====== Entries shown

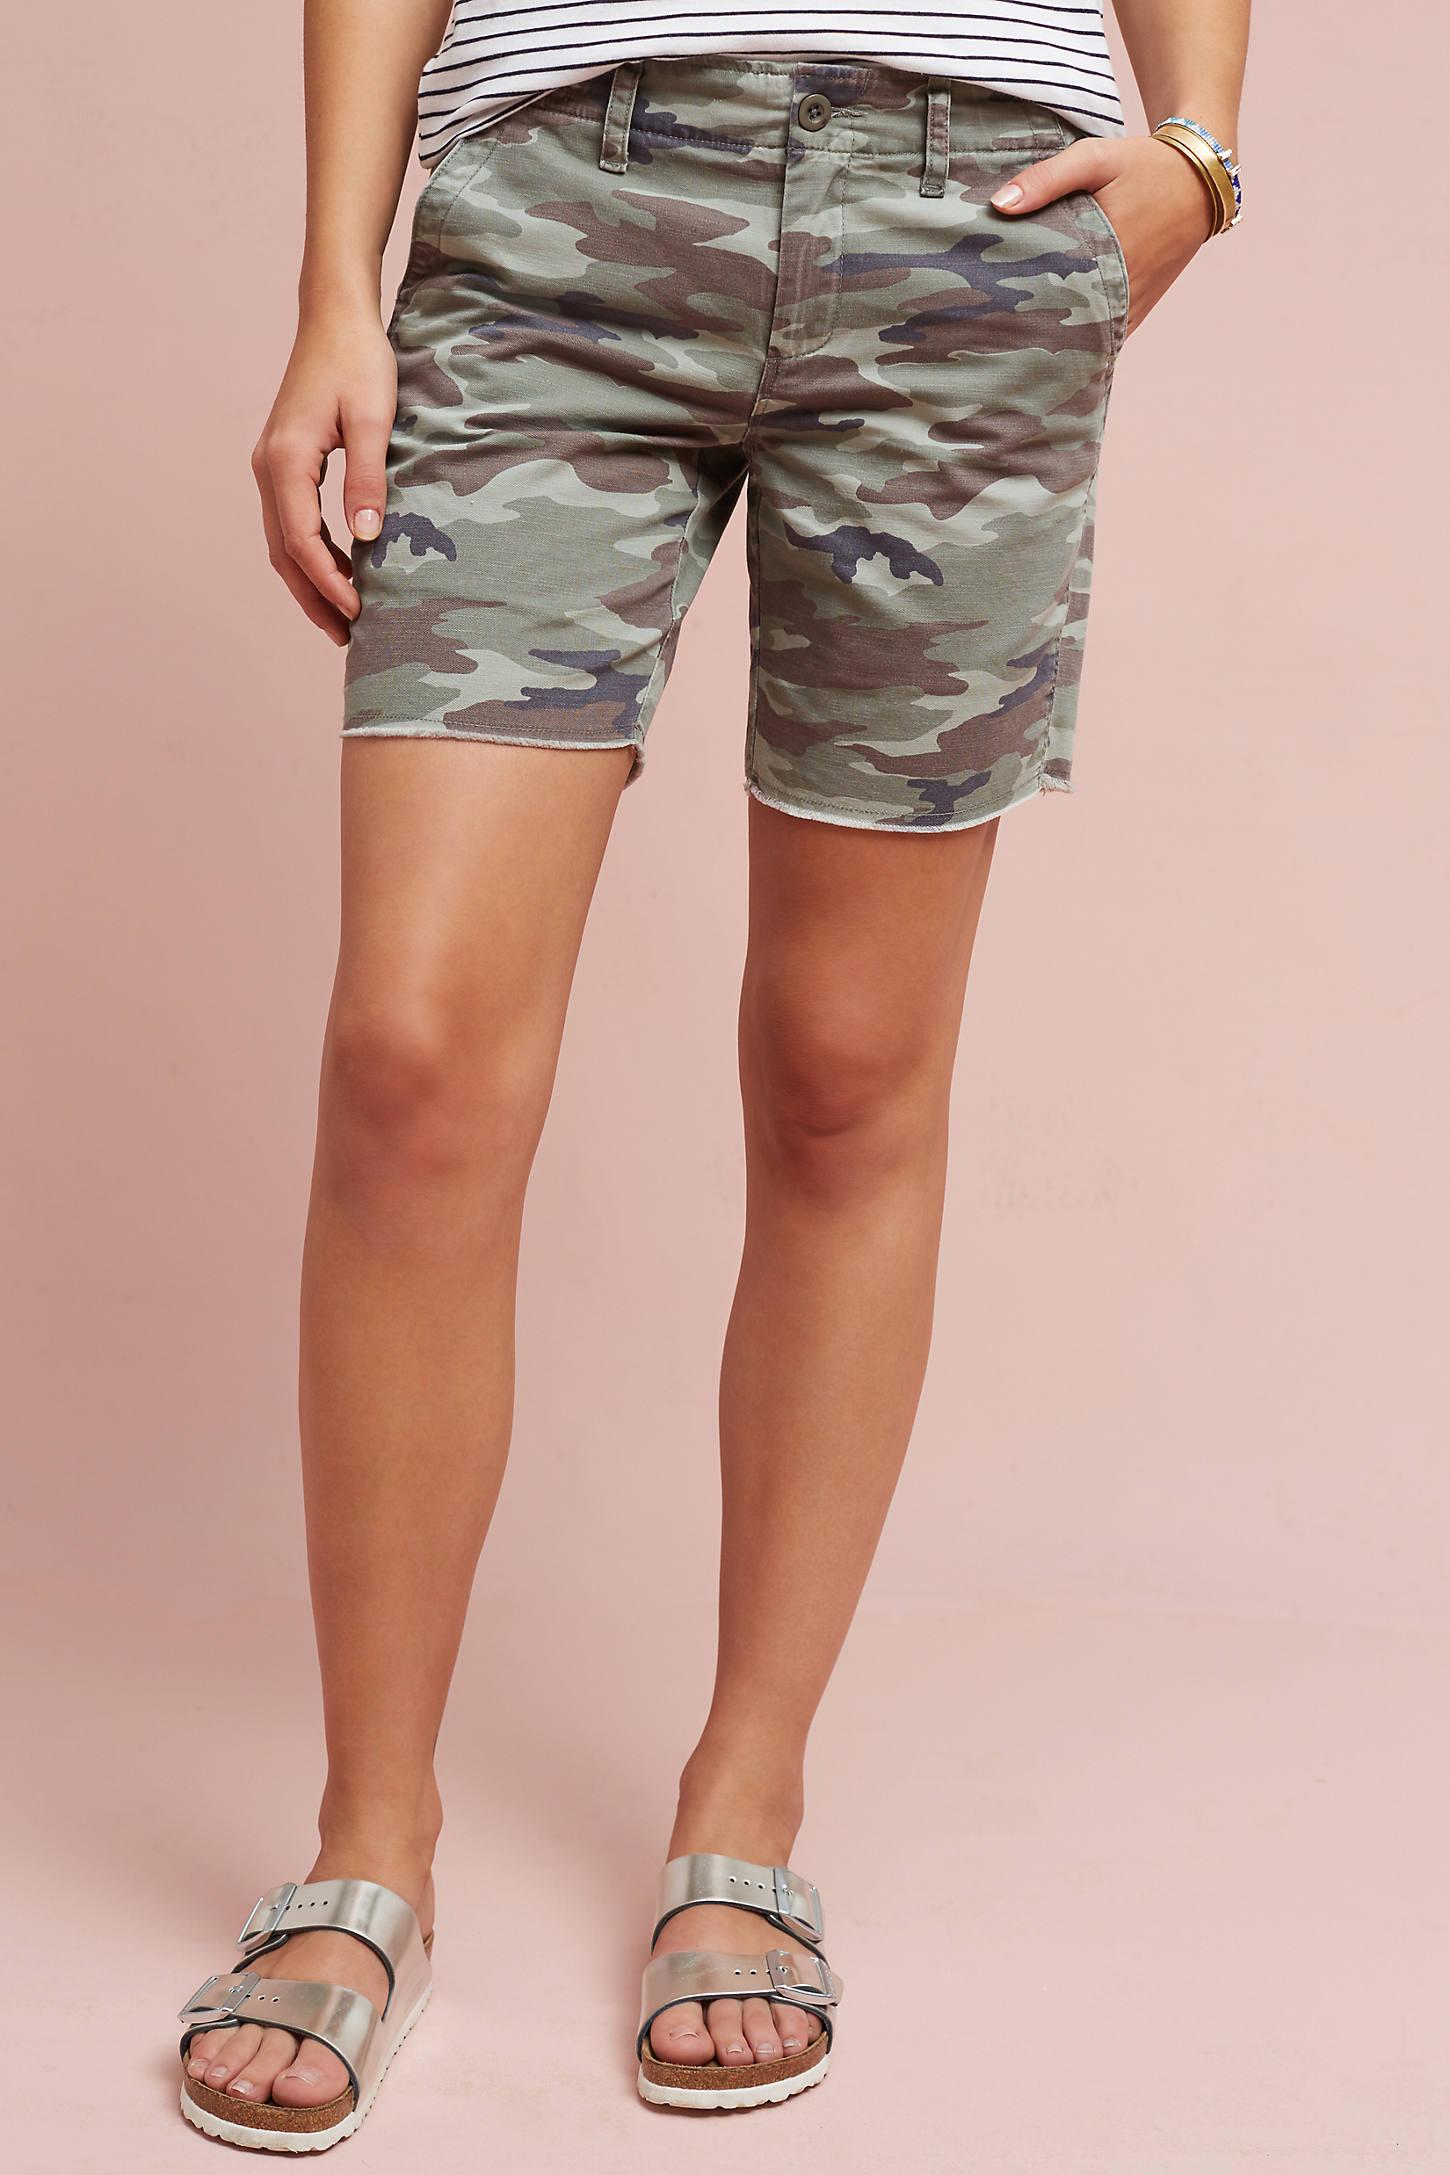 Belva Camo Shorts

============
====== Entries shown

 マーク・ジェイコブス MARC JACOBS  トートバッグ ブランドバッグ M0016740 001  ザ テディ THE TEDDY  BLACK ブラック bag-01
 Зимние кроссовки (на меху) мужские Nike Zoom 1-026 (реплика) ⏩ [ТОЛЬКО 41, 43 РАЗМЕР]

============

_Work to be completed_
Please give back, exactly as it stands above, the stretch from the line with "マーク・ジェイコブス MARC JACOBS" through the line with "Зимние кроссовки (на", and no line outside it.

_Exercise output_
 マーク・ジェイコブス MARC JACOBS  トートバッグ ブランドバッグ M0016740 001  ザ テディ THE TEDDY  BLACK ブラック bag-01
 Зимние кроссовки (на меху) мужские Nike Zoom 1-026 (реплика) ⏩ [ТОЛЬКО 41, 43 РАЗМЕР]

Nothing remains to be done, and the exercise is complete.